毕设-Fuzz-4


NoteBook阅读

Mutation Analyze

关于ast–Abstract Syntax Trees 可算是找到一篇讲的非常清楚的博客了. 看了之后自己又调试了一遍代码,清楚多了

https://www.cnblogs.com/qiulinzhang/p/14258626.html

清楚这个之后,再去搞清楚这一小节写的代码逻辑,想必应该要轻松不少了.

7 A Simple mutator for Function

总算搞清楚这个代码的逻辑了

  • 第一开始初始化的时候,并没有直接修改源代码,只是做了一个统计. 看一下需要变异的节点有多少个

  • 后面provoke generate_mutant函数将location传递进来的时候才会发生突变. 换句话说, 这个location的具体含义是要在第几个变异节点发生变异

  • 在 generate_mutant函数中mutant_ast = self.pm.mutator_object(location).visit(ast.parse(self.pm.src)) # copy中的ast.parse(self.pm.src)就是每一次都把源代码解析的ast对象传递进去, 目的就是为了控制变量. 这样就能获取到每一个单个突变位置的突变. 最后再利用diff库中的函数进行与原始版本的比较.

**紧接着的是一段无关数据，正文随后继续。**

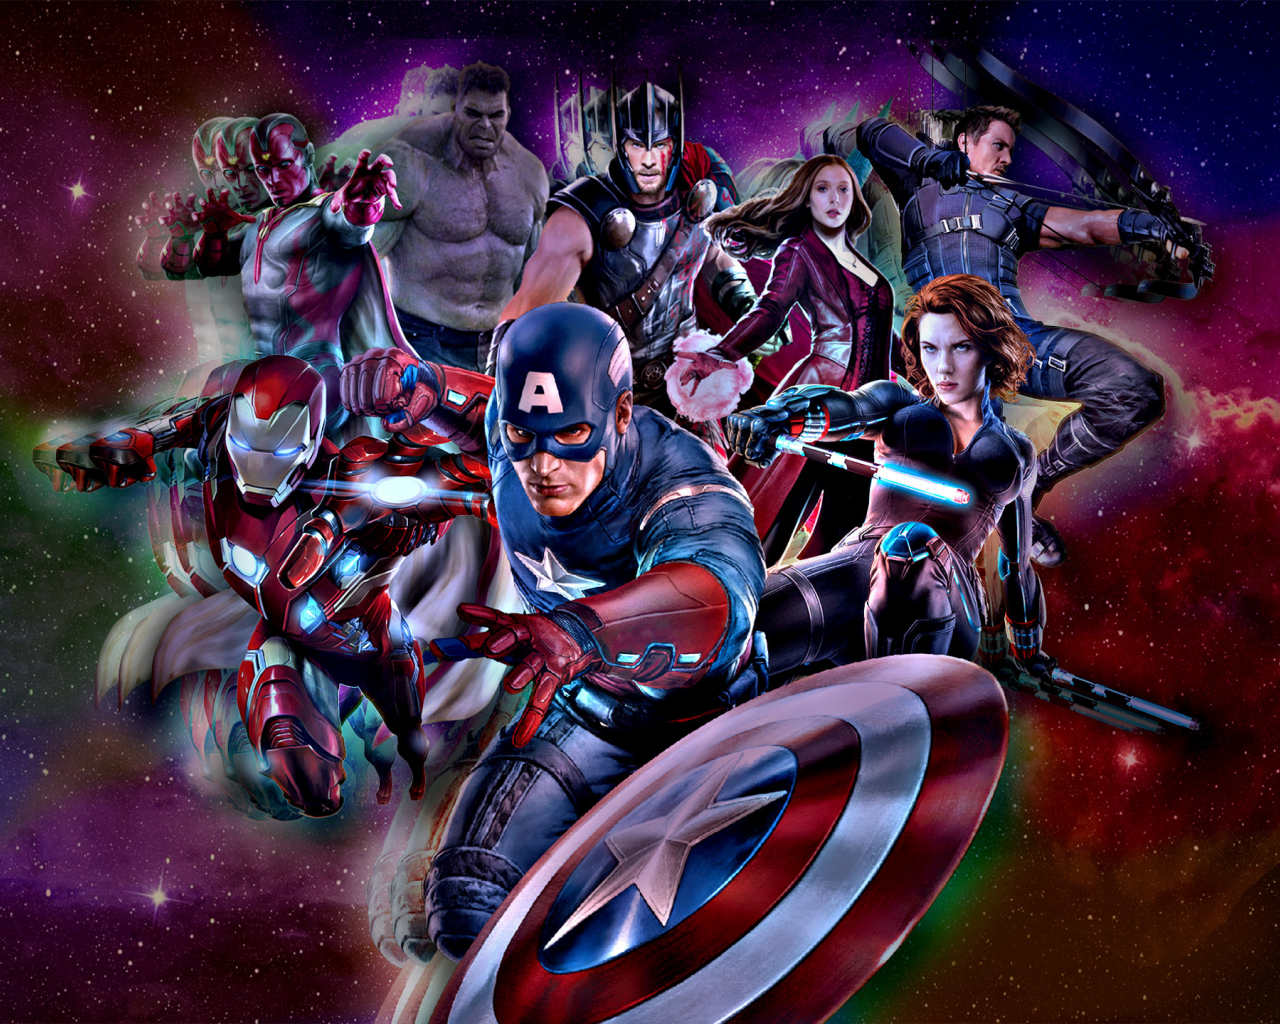 Download wallpaper 1280x1024 the avengers, marvel comics, superhero,  standard 5:4 fullscreen wallpaper, 1280x1024 hd background, 7652

作者把类中的函数分开来讲解,确实在对单个函数的说明上起到了一定的作用.但是对于类整体的功能理解上, 还是有一定的影响

我把单独的代码整合到了一起去看代码的逻辑, 终于清晰了不少

整合代码

class MuFunctionAnalyzer:
    
    def __iter__(self):
        print("__iter__")
        return PMIterator(self)
    
    def __init__(self, fn, log=False):
        self.fn = fn
        self.name = fn.__name__
        src = inspect.getsource(fn) # 获取源码
        self.ast = ast.parse(src)
        self.src = ast.unparse(self.ast)  # normalize
        self.mutator = self.mutator_object()
        self.nmutations = self.get_mutation_count()
        self.un_detected = set()
        self.mutants = []
        self.log = log

    def mutator_object(self, locations=None):
        return StmtDeletionMutator(locations)

    def register(self, m):
        self.mutants.append(m)

    def finish(self):
        pass
    
    def get_mutation_count(self):
        self.mutator.visit(self.ast)
        return self.mutator.count
    
    
class StmtDeletionMutator(ast.NodeTransformer):
    
    def __init__(self, mutate_location=-1):
        self.count = 0
        self.mutate_location = mutate_location
    
    def mutation_visit(self, node): return ast.Pass() 
    def mutable_visit(self, node):
        self.count += 1  # statements start at line no 1
        if self.count == self.mutate_location:
            print("进行替换")
            return self.mutation_visit(node)
        return self.generic_visit(node)
    
    def visit_Return(self, node): 
        print("visit_Return")
        return self.mutable_visit(node)
    def visit_Delete(self, node): return self.mutable_visit(node)

    def visit_Assign(self, node): return self.mutable_visit(node)
    def visit_AnnAssign(self, node): return self.mutable_visit(node)
    def visit_AugAssign(self, node): return self.mutable_visit(node)

    def visit_Raise(self, node): return self.mutable_visit(node)
    def visit_Assert(self, node): return self.mutable_visit(node)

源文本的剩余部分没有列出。